Everyone was equal in the Athenian citizen's assembly he says, where “people’s juries made most laws; jurors were selected by lottery and left to legislate without the guiding hand of any autocratic judge”. We'll set aside whether this is a reliable account of democratic practice in ancient Athens and take it that he supports direct democracy through people's assemblies, presumably expressing their choices through plebiscites, of which Mr Hume repeatedly says he approves.

But wait. After all the quotes from Pericles’ funeral oration, we come to the final chapter in which Hume spells out his idea of democracy. In this we discover that Hume isn't arguing for direct democracy at all. “Such an ancient system could hardly work today” he concludes. “We are no longer dealing with a city state that constitutes a few thousand active citizens.” Which of course is where representative democracy came in.

Suddenly Hume appears to have been arguing all along for an essentially parliamentary form. He says: “There is nothing necessarily wrong with viewing elected MPs as representatives rather than delegated agents of the electorate. It is important that political leaders are able to lead and have minds of their own.” He says he wants our system to be revived by the “Athenian spirit” but gives no concrete proposals as to how to inject this Geist (the German term for “spirit”) into our constitution-free demos.

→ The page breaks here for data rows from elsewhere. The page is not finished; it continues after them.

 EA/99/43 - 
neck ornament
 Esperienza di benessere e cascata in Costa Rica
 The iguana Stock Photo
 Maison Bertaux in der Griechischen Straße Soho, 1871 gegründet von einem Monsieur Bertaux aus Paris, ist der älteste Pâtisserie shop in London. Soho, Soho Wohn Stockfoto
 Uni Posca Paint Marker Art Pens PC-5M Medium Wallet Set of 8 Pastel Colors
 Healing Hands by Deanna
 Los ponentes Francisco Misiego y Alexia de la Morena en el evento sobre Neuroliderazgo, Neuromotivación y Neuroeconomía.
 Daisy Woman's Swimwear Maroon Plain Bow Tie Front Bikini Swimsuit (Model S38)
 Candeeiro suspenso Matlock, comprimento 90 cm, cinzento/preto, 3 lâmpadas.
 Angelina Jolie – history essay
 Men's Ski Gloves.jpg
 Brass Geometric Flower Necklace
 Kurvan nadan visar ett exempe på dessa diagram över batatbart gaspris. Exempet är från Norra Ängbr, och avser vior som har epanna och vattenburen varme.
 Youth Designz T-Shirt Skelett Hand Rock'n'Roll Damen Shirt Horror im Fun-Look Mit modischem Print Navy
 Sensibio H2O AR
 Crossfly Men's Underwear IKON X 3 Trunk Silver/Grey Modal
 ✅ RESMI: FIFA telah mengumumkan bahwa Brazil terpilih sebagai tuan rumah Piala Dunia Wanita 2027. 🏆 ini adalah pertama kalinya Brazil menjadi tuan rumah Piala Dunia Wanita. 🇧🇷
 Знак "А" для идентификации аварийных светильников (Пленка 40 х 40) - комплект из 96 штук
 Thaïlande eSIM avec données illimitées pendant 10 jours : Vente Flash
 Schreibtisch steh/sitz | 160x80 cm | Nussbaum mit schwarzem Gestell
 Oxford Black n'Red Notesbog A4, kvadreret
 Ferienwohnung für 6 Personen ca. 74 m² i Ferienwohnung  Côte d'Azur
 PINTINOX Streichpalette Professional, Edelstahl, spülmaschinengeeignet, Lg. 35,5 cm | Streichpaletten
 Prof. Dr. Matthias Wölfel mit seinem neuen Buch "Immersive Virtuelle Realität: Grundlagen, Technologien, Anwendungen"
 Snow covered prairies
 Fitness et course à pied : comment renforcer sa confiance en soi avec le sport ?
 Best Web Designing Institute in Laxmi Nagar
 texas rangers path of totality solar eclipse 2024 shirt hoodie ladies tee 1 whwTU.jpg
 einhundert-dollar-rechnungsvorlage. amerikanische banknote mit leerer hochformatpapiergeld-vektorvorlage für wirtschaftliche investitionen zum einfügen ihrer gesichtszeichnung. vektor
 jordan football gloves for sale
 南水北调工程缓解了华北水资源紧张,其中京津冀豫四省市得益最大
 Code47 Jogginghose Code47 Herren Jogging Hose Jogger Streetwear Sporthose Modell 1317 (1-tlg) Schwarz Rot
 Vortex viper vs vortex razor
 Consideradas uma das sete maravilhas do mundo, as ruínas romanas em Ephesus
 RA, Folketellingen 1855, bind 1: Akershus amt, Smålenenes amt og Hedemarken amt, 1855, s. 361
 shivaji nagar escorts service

Now, I enjoy a rant as much as the next man, and Hume makes some good points about the way the working class was scorned by (some) liberal elites and leftists after Brexit. Freedom of speech is under attack on some university campuses where political correctness has, truly, gone mad. But you can't just spend 80,000 words destroying an army of straw men, berating social democrats and attacking representative democracy as a sham, and then have precisely nothing coherent to say about how to reform it.

Someone at Collins should have got him down from his high horse for two minutes and asked him exactly what this book is about. “In God's name, Mr Hume, what are you trying to SAY?”